# What the task asks
Leave the images aside and copy out the whole listing, exact to the word.

# Given data
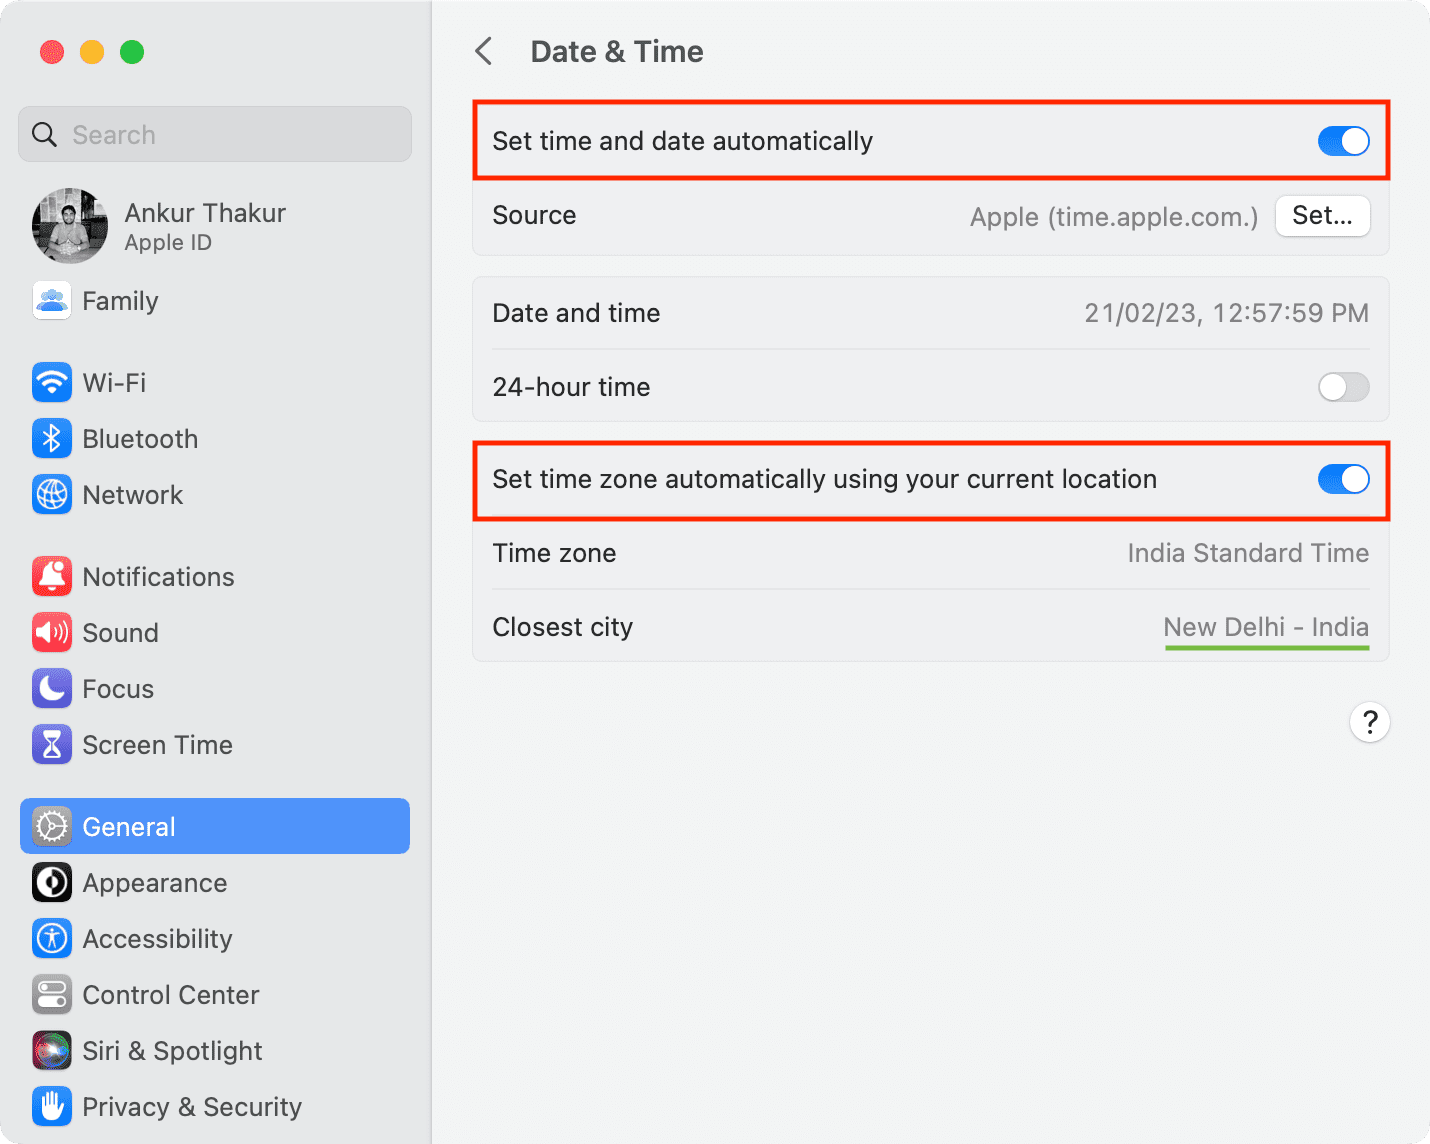 Open System Preferences from the Apple menu
Select Date & Time and ensure "Set date and time automatically" is enabled
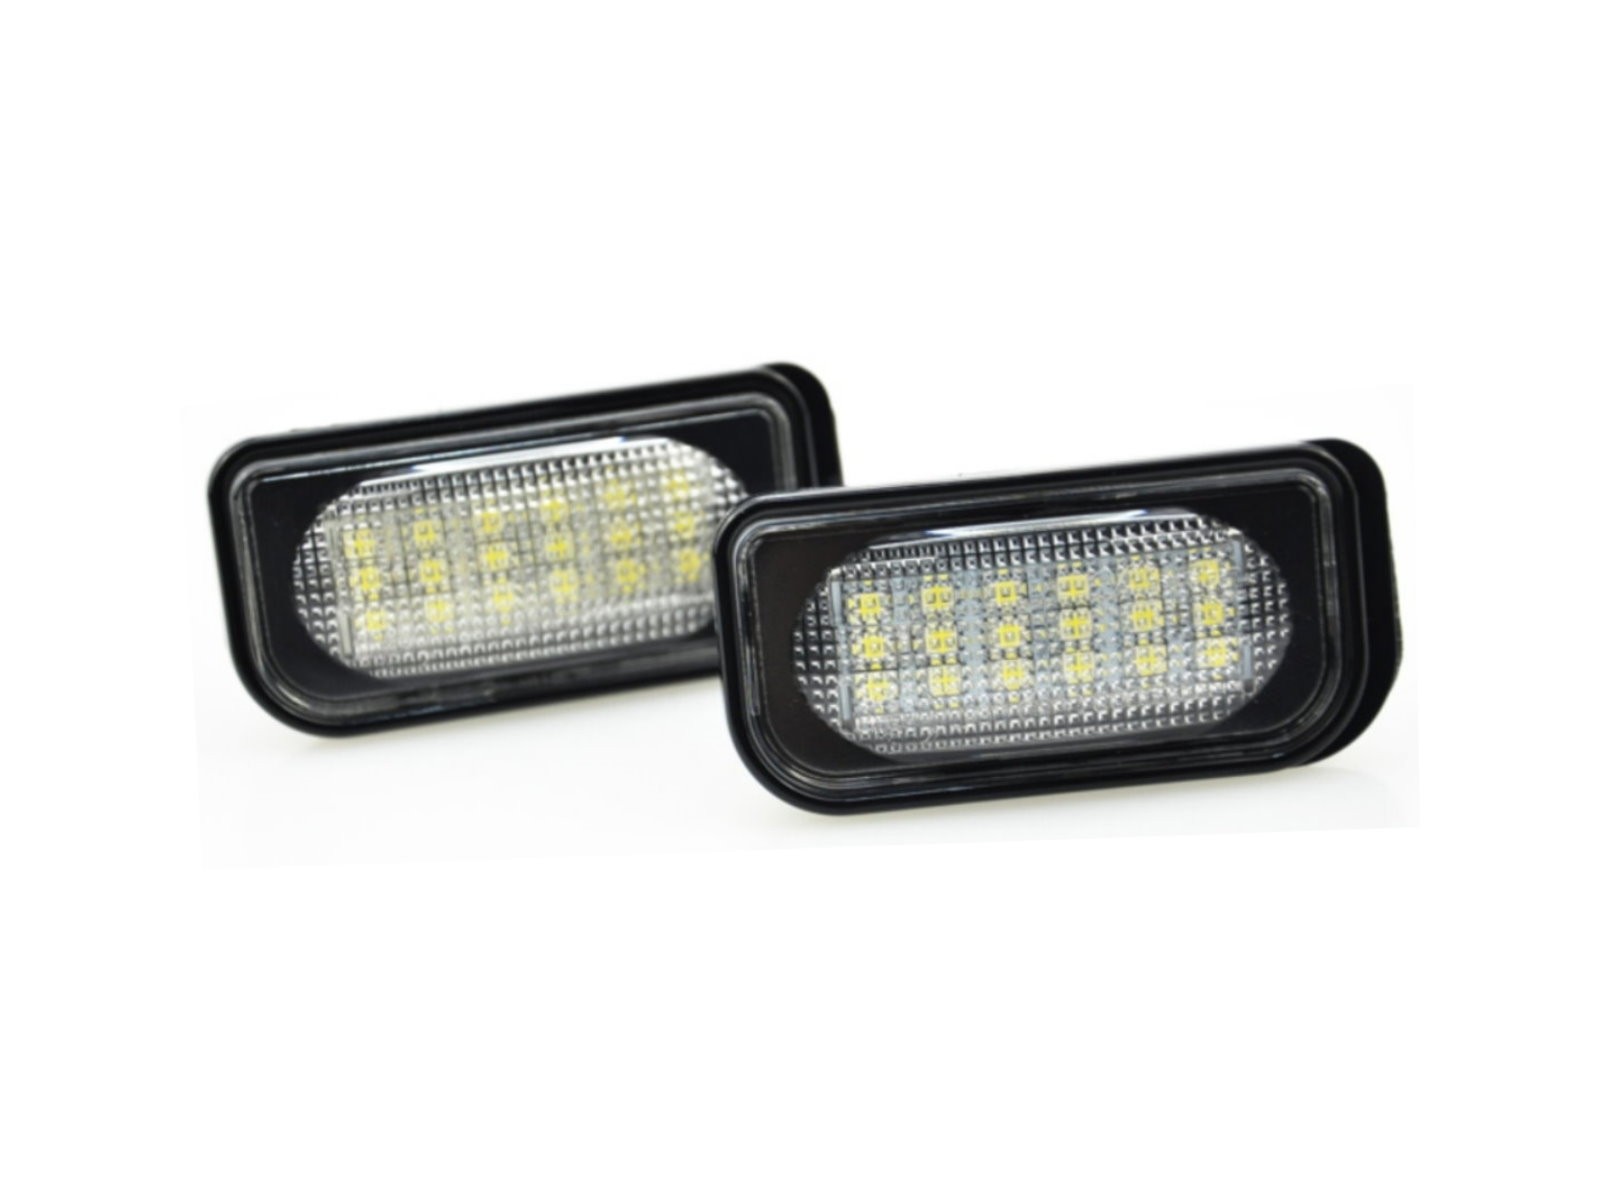 CrazyTheGod C-CLASS W203 Second generation 2000-2007 Sedan 4D LED W/ Canbus License Lamp White for Mercedes-Benz

# Output of the exercise
 Open System Preferences from the Apple menu
Select Date & Time and ensure "Set date and time automatically" is enabled
 CrazyTheGod C-CLASS W203 Second generation 2000-2007 Sedan 4D LED W/ Canbus License Lamp White for Mercedes-Benz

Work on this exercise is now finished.